Drag! O! The desire and attempt to make words ryhme.

It’s a drag to make words rhyme sometimes.
Sometimes your soul has words conceived in pure sin aching to make it to the
heaven that is your paper and pencil, but they are not worthy because sometimes
they don’t rhyme.

Sometimes the words conceived are incompatible with life so the doctor advises you
to terminate, not realising that sometimes miracles happen.

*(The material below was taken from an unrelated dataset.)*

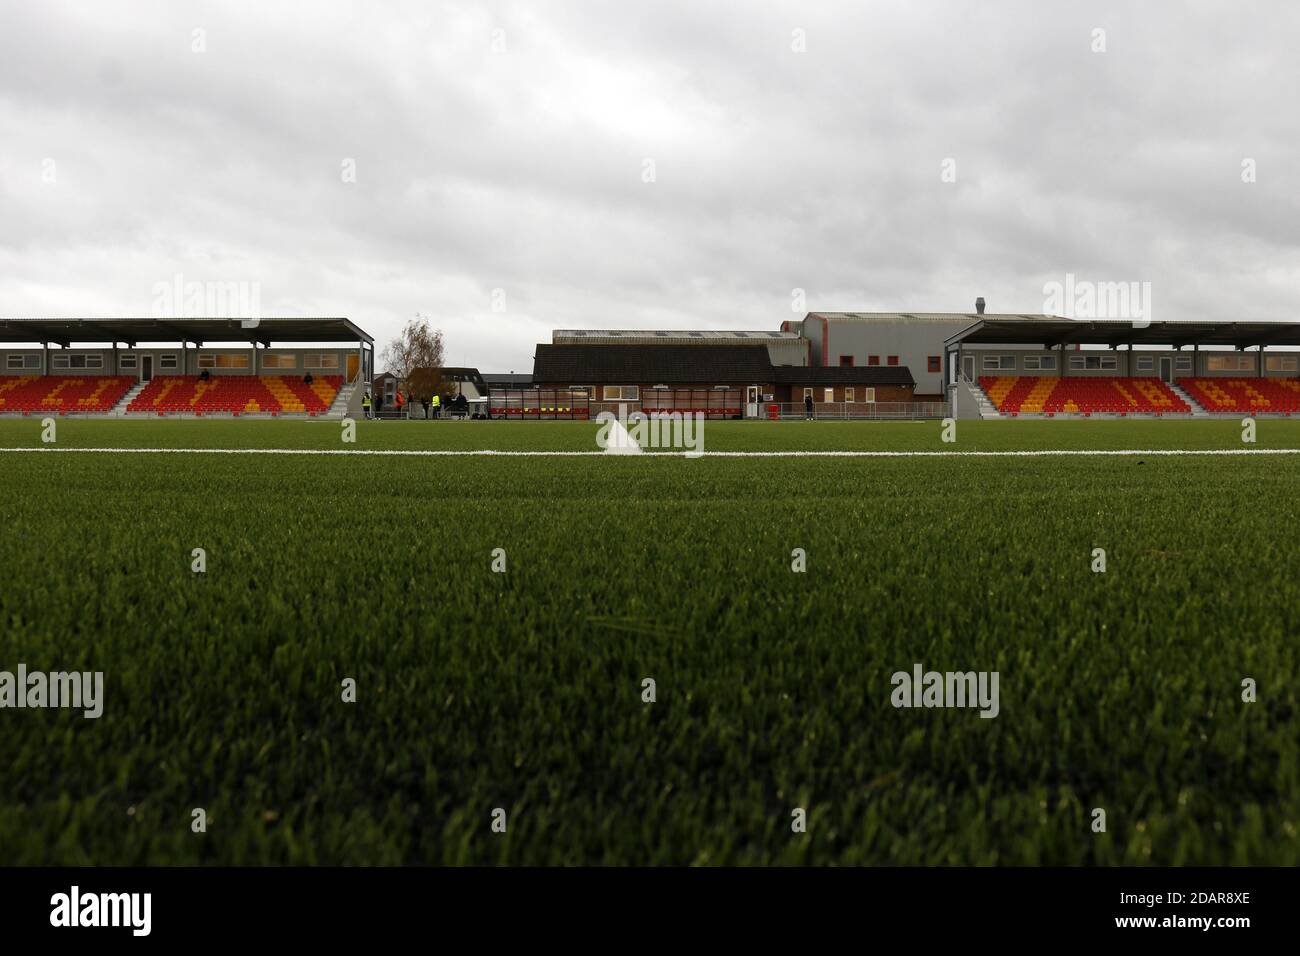 Gloucester, UK. 14th Nov, 2020. General view inside the stadium ahead of the Vanarama National League North game between Gloucester City AFC and Bradford (Park Avenue) AFC at New Meadow Park in Gloucester. Kieran Riley/SSP Credit: SPP Sport Press Photo. /Alamy Live News Stock Photo

Sometimes the words you thought were pure garbage, made from the devil’s
dictionary are the same words that wake souls from the dead, halfway into the grave!
The same words that cause the dead to come alive after being dead for three days!

Drag!
Sometimes I make poetry from my sins!
The consistency of the number of times I beg for forgiveness every Sunday with utter
shame forms a stanza with similes, the sins were always similar, the metaphor
always distinct,
I don’t know why they want us to rhyme when my sins rhyme on my behalf!

Drag!
I wrote poetry while on top of a man.
I was on top of a man.
The poem didn’t rhyme.
This man had my hands on his chest and my mouth on his.
As I forced air into his lungs but failed to force life back into him.
This man was only four, declared dead at four,
It’s a drag to make words rhyme sometimes.

Drag!
I wrote poetry while I took her out.
I didn’t take her out all at once.
Her mother sat there, legs open, hoping that it would be over soon.
Her father held her mother’s hand and whispered sweet nothings while I took her out.
Her feet were tiny
Her hands were too
I didn’t get her out all at once.
I wrote poetry while I took her out from a mother that had been looking for her for ten years.
I wrote poetry while I told her mother she could try again.

Drag!
It’s a drag to make words rhyme sometimes.
So I let my life write my poetry.


Esperance Luvindao a Namibian poet and medical doctor working in the country’s northern regions. Her work has appeared in the UK Young Writer’s Anthology. Her poetry album titled ETHA is the first poetry album in Namibia. She has performed in the United States of America at the Ujima Poetry Reading and Panel Discussion as well as South Africa and Zimbabwe. Esperance mentors young poets around the country and is currently working on her second album.